- _Provided material_
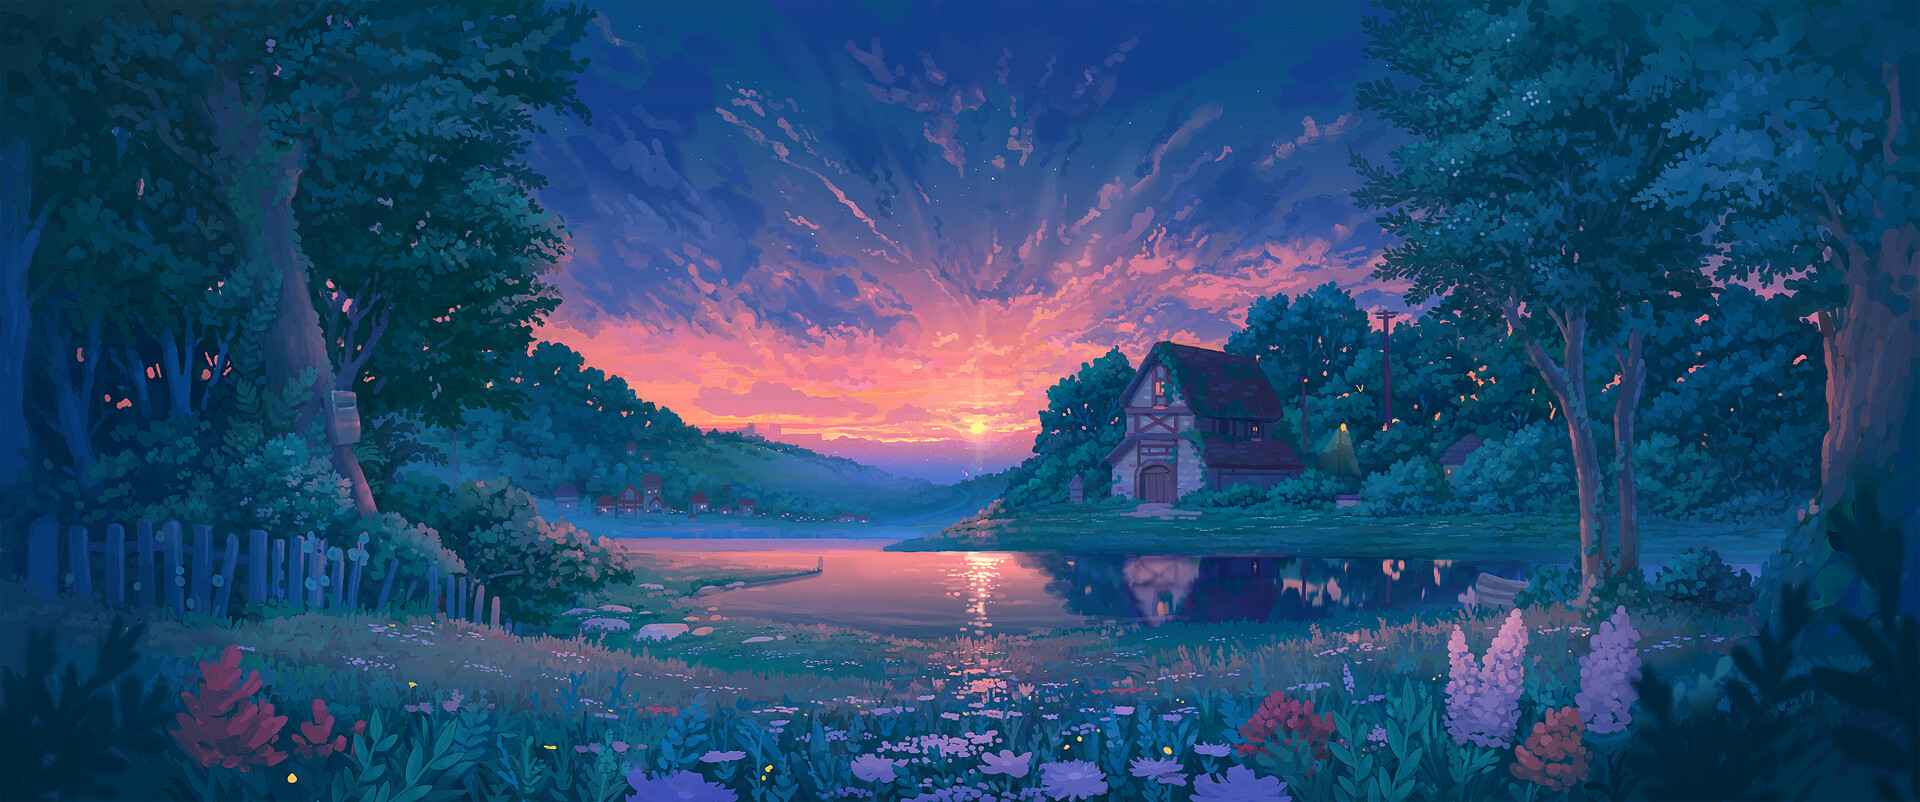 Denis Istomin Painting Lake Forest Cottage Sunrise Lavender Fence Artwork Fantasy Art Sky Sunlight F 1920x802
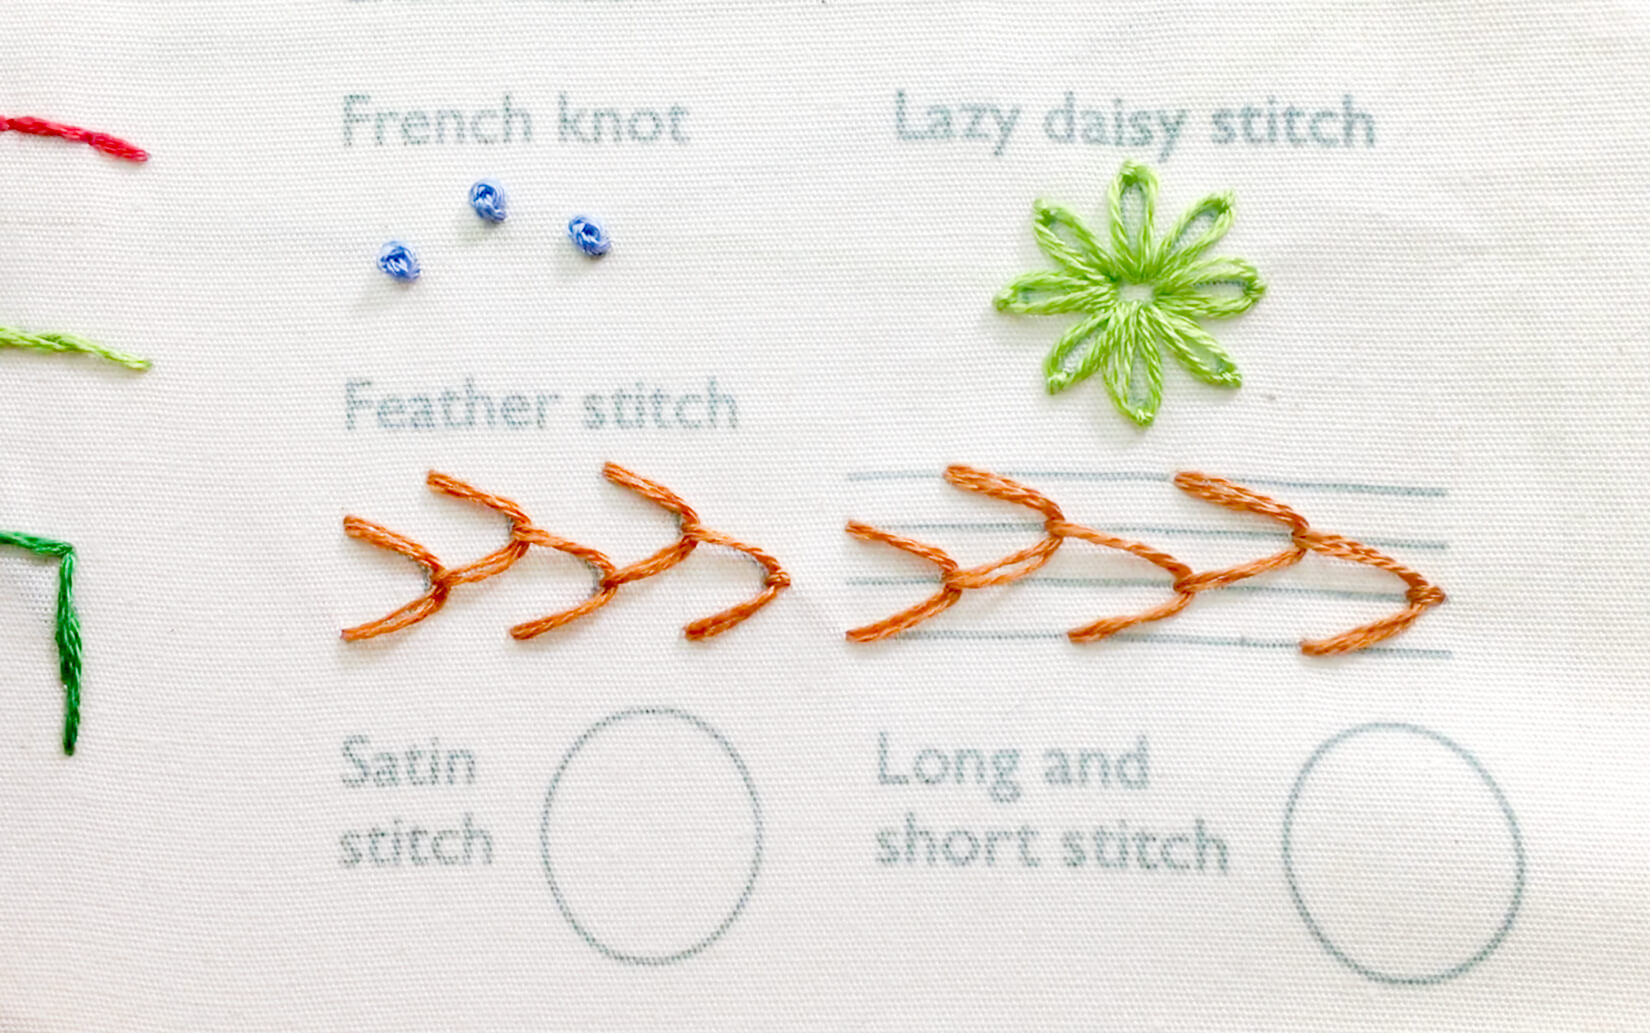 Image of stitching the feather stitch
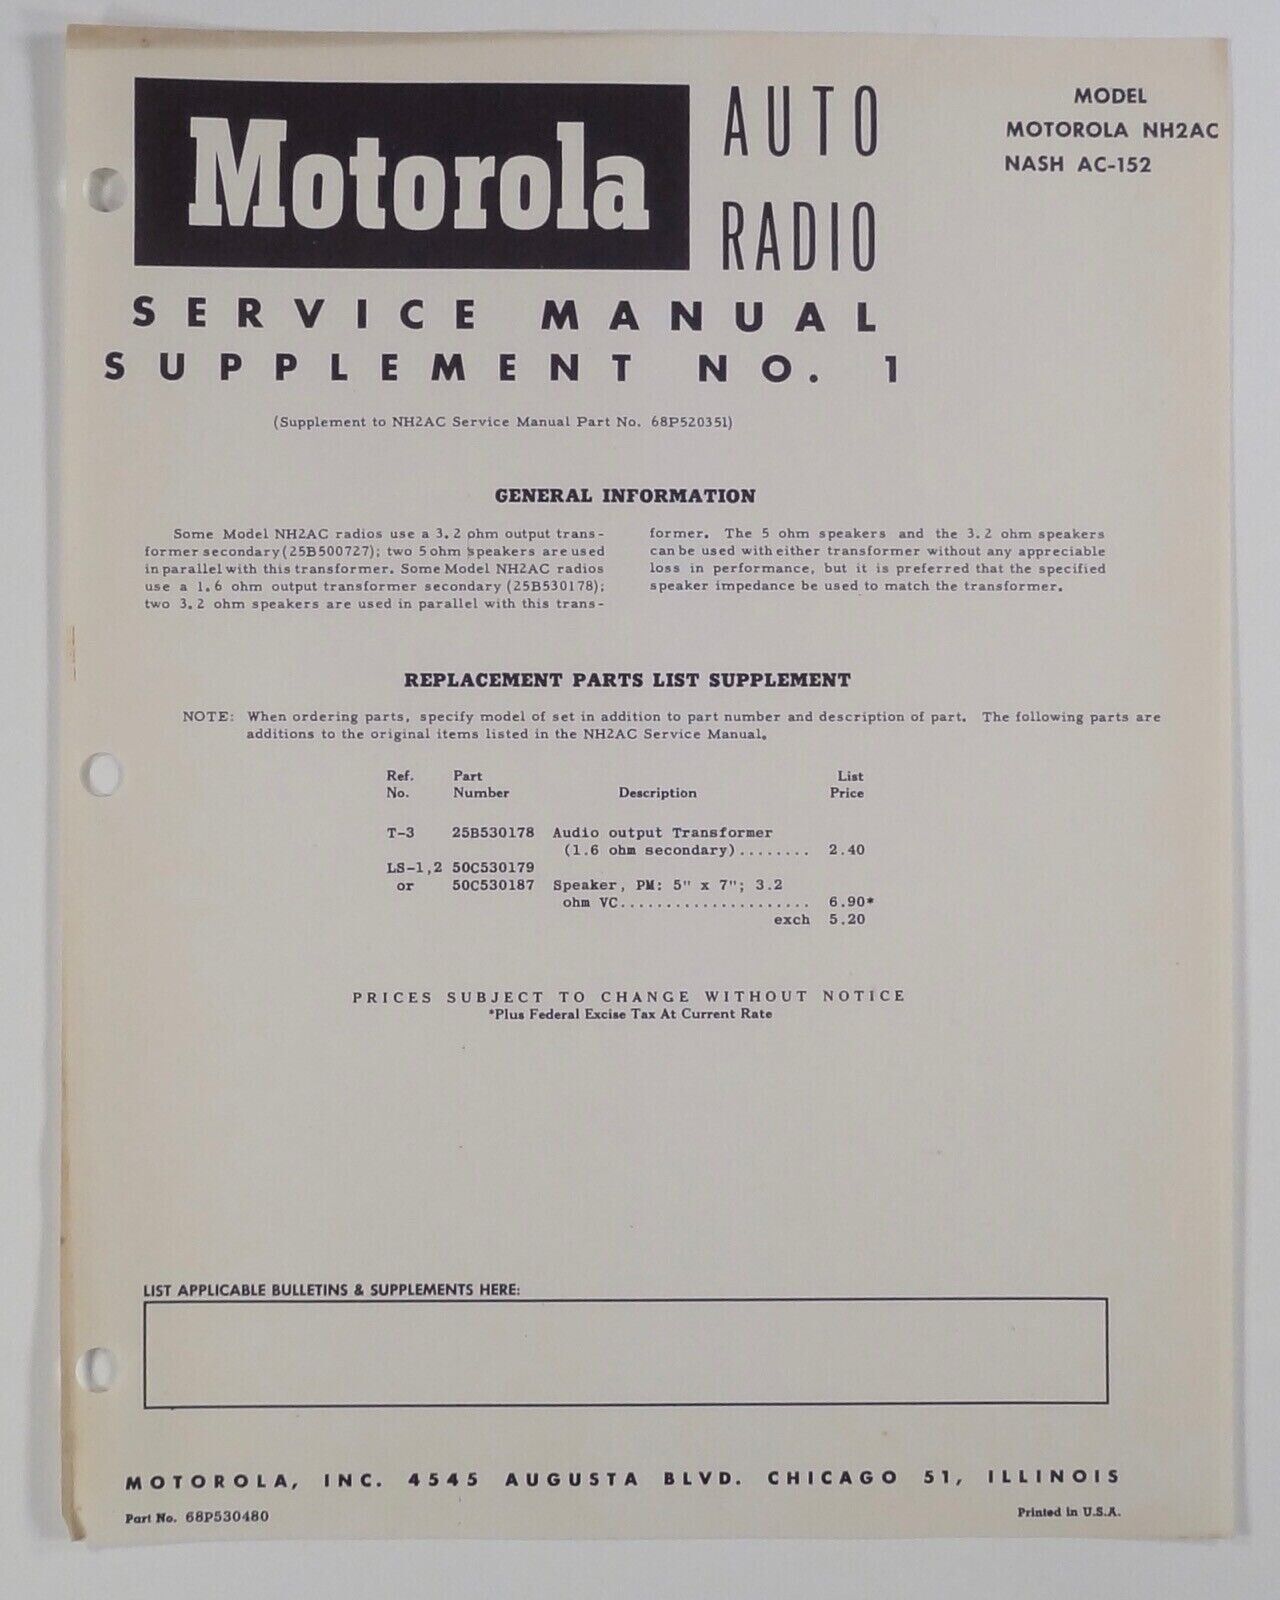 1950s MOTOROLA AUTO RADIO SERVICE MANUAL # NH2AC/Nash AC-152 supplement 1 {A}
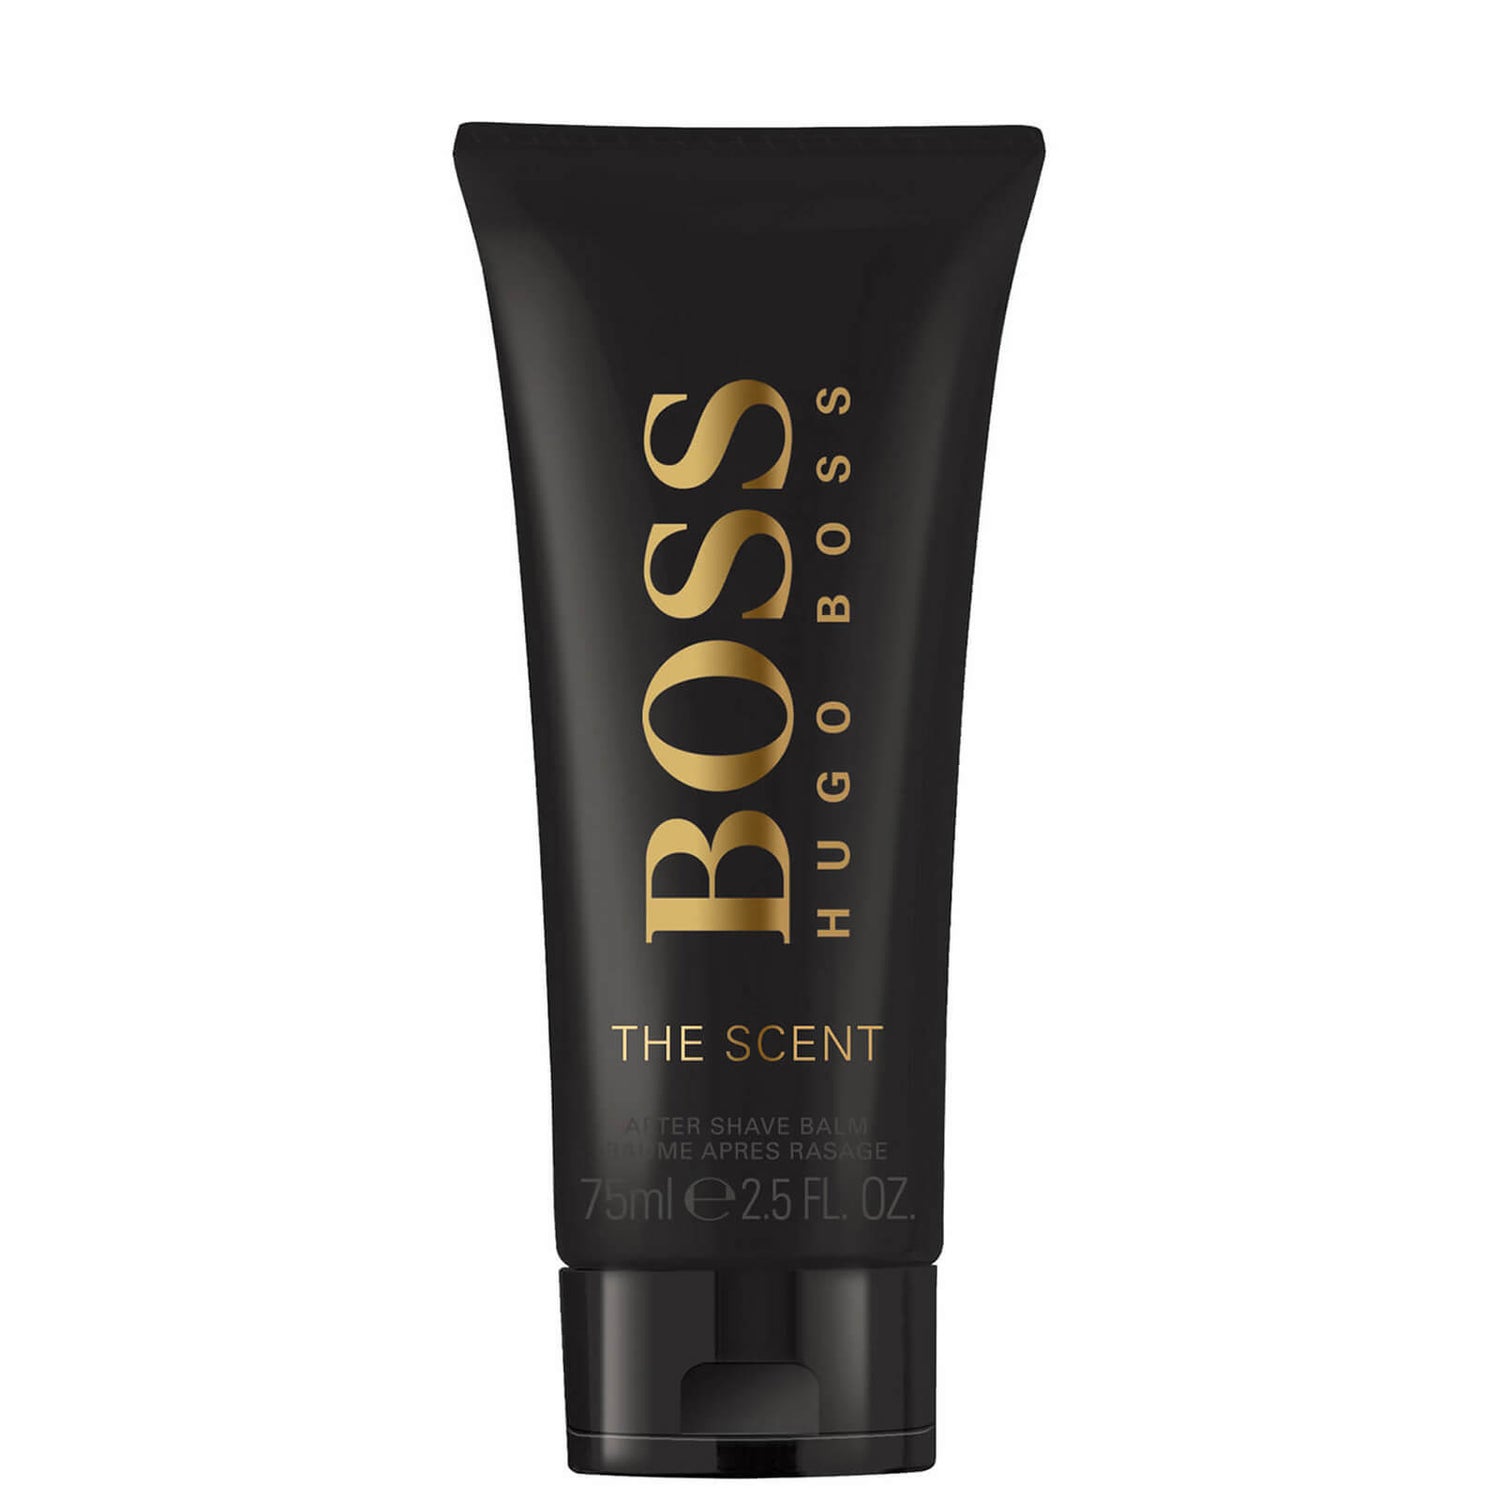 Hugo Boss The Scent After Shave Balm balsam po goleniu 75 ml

- _Exercise description_
Pictures stay out; everything else in the listing above is to be repeated exactly.

- _The answer_
 Denis Istomin Painting Lake Forest Cottage Sunrise Lavender Fence Artwork Fantasy Art Sky Sunlight F 1920x802
 Image of stitching the feather stitch
 1950s MOTOROLA AUTO RADIO SERVICE MANUAL # NH2AC/Nash AC-152 supplement 1 {A}
 Hugo Boss The Scent After Shave Balm balsam po goleniu 75 ml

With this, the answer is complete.